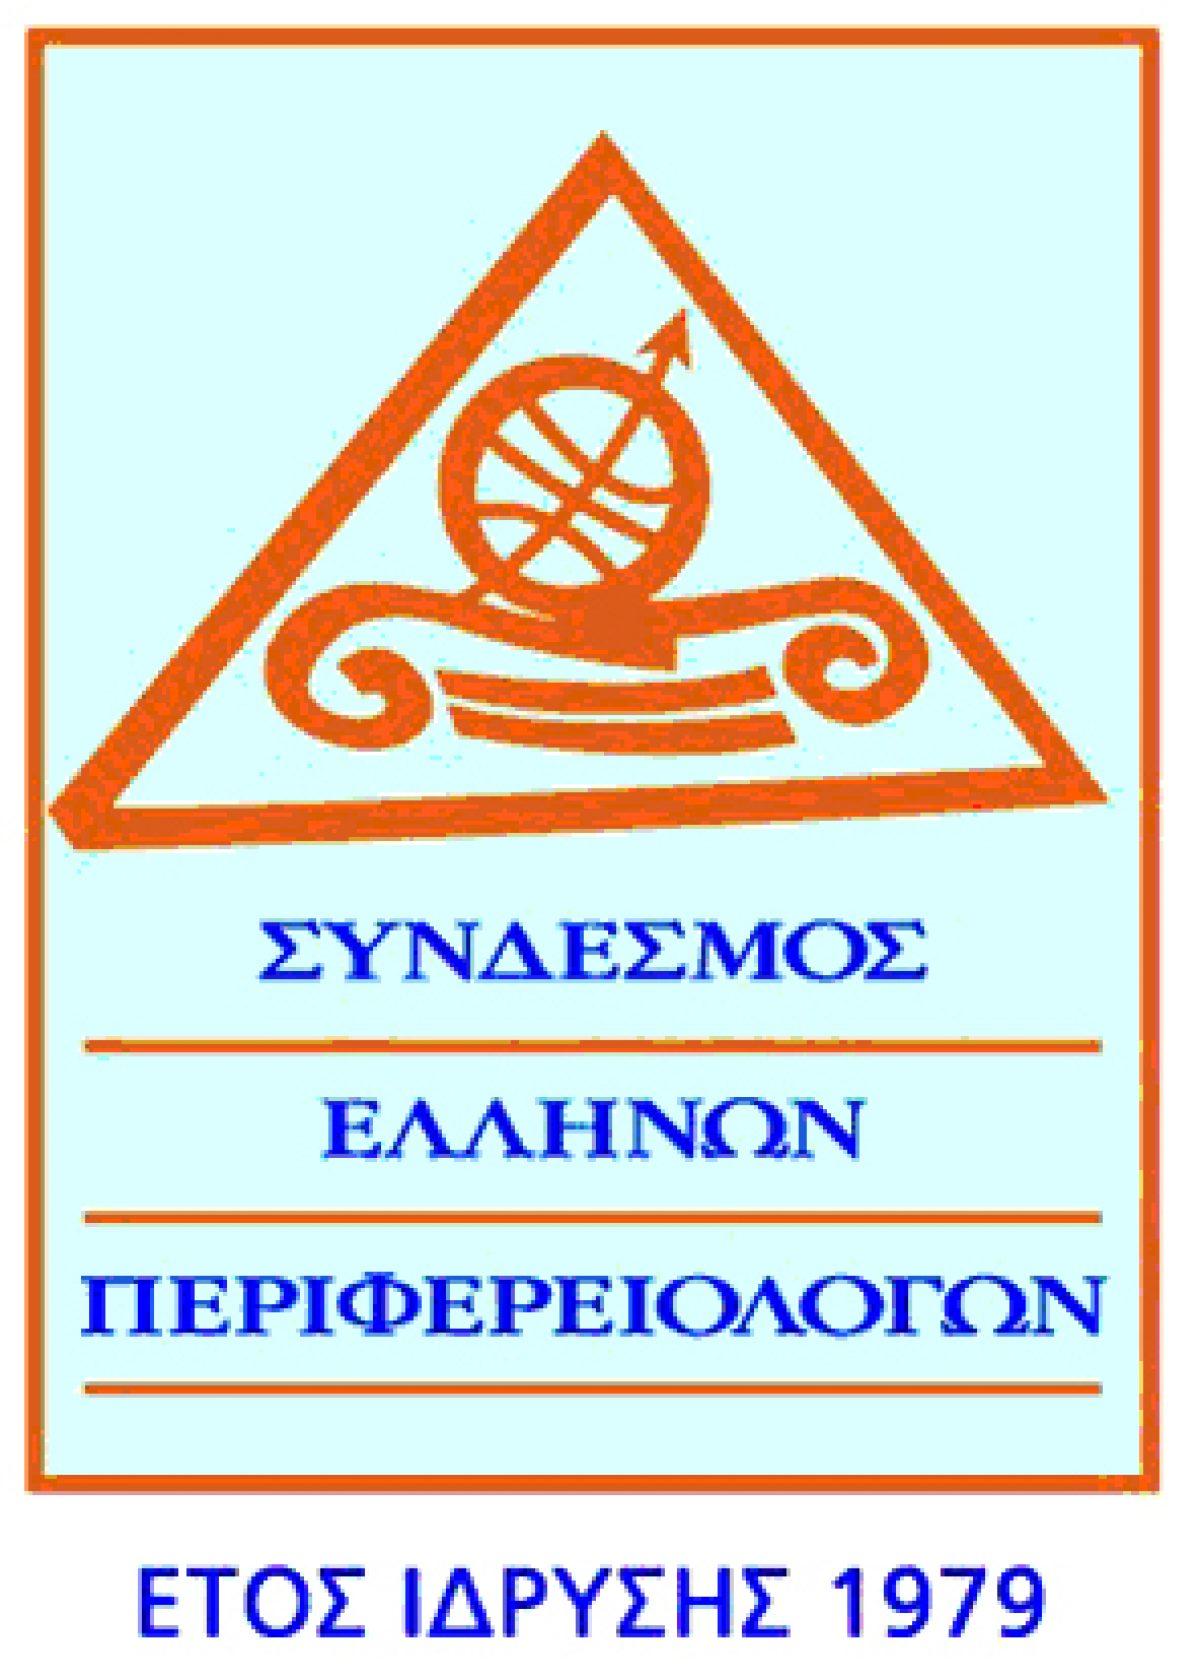 20ο Επιστημονικό Συνέδριο του Συνδέσμου Ελλήνων Περιφερειολόγων, 4 – 5 Ιουνίου 2018
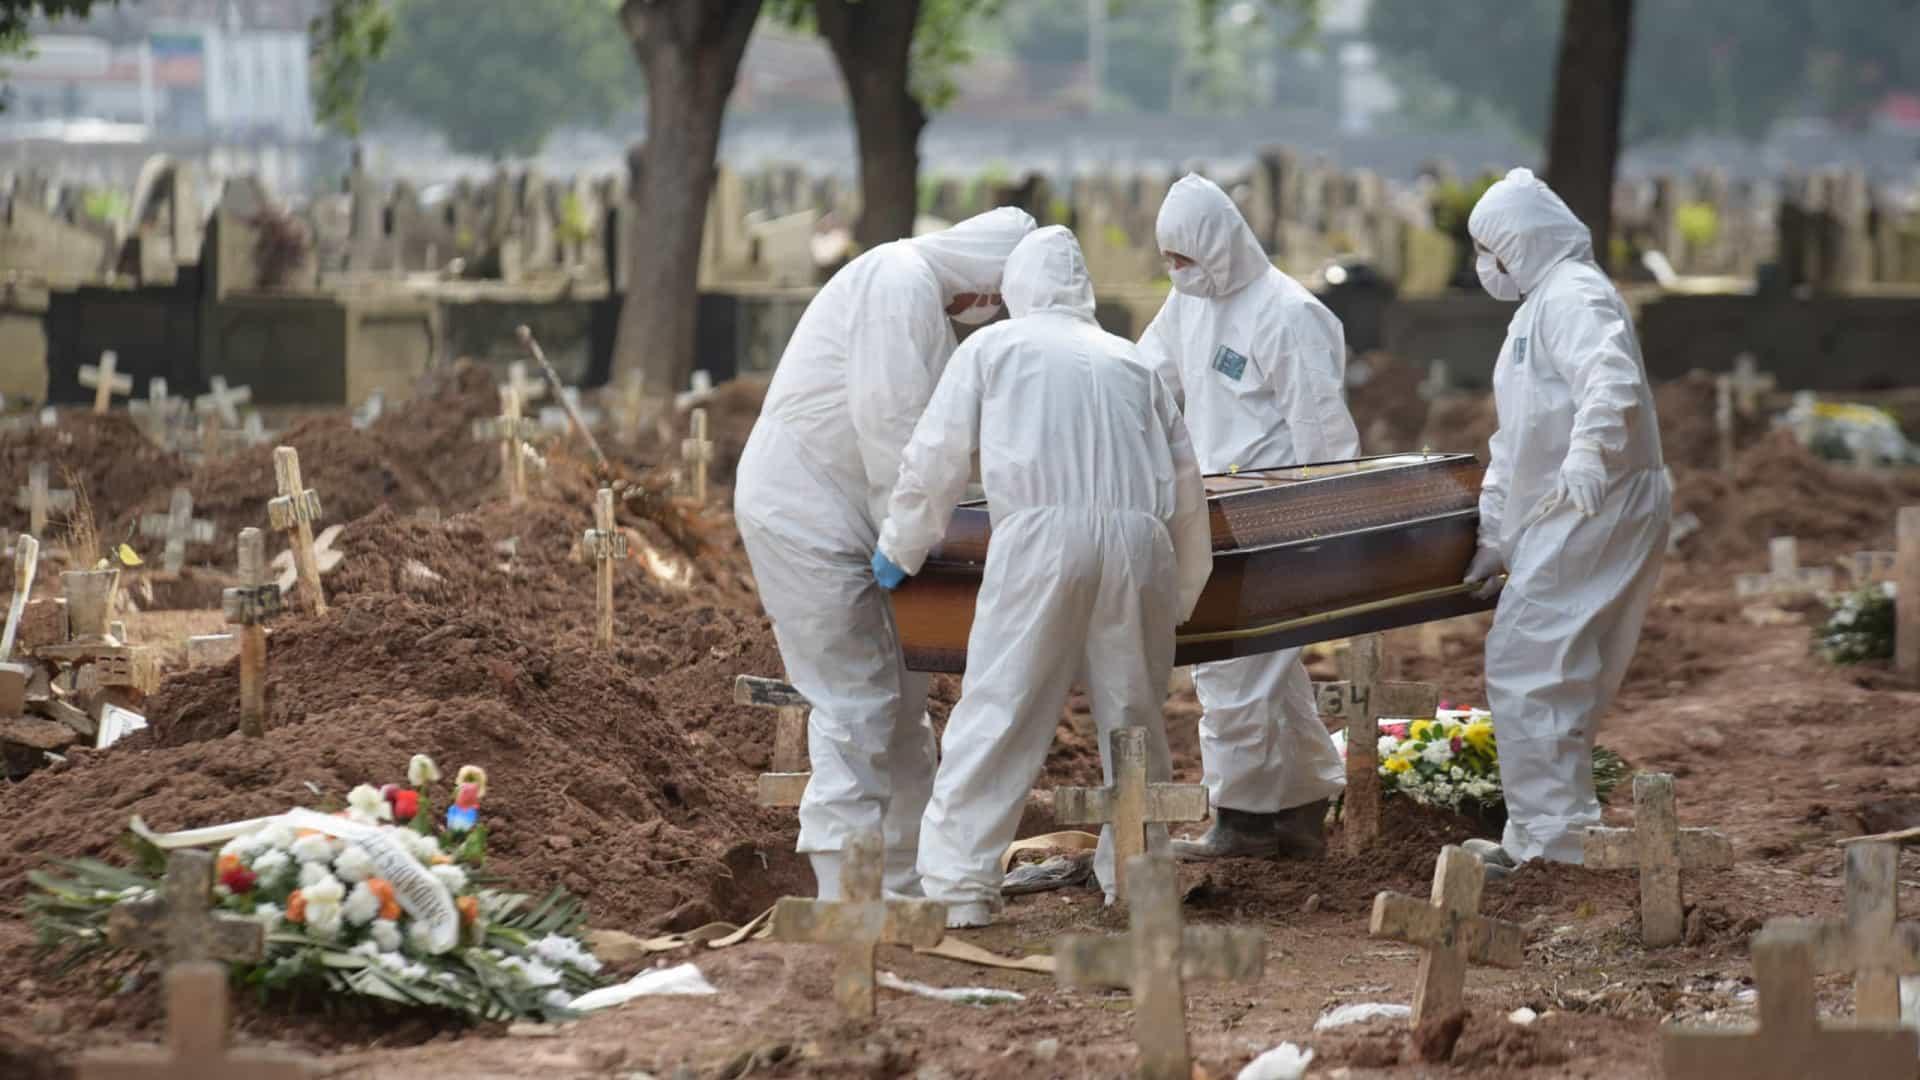 Última semana teve mais mortes do que primeiros 72 dias de pandemia no Brasil
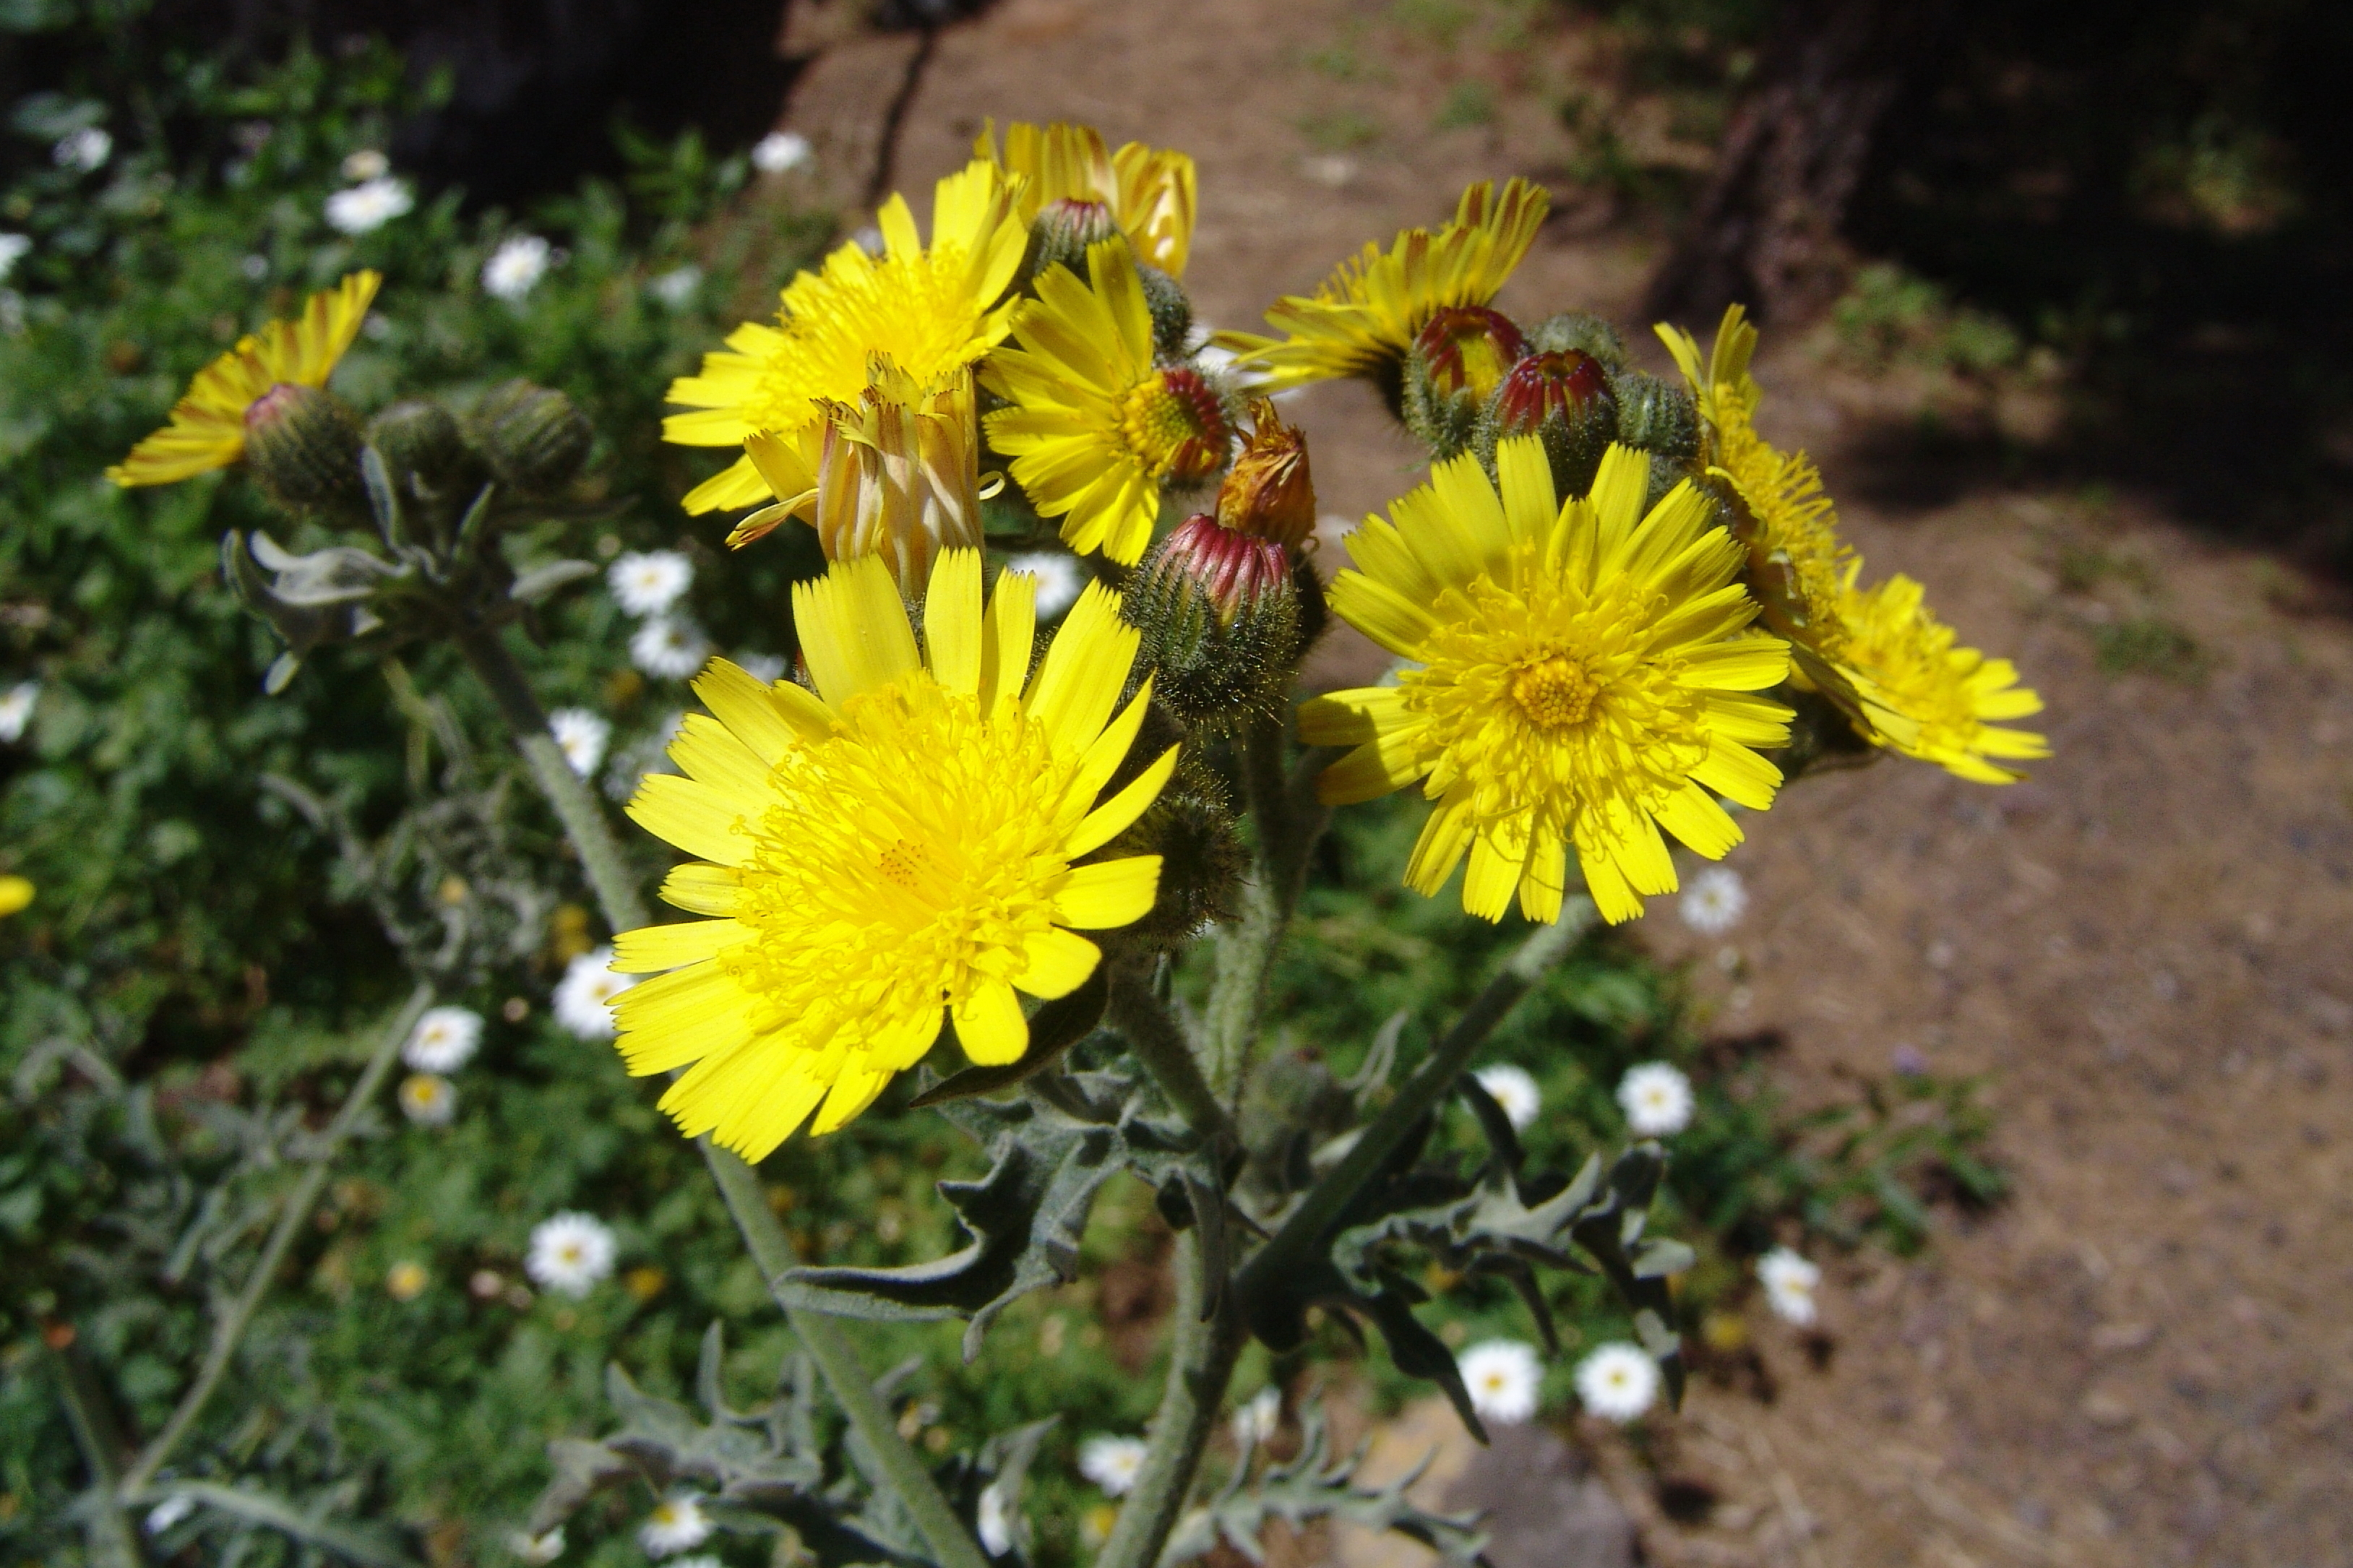 dsc09842-andryala-flor-2-recorte.jpg

Your instructions:
In your reply, please print exactly the lines from the one with "Última semana teve" through the final line of the listing above, both included, and no pictures.

Your solution:
 Última semana teve mais mortes do que primeiros 72 dias de pandemia no Brasil
 dsc09842-andryala-flor-2-recorte.jpg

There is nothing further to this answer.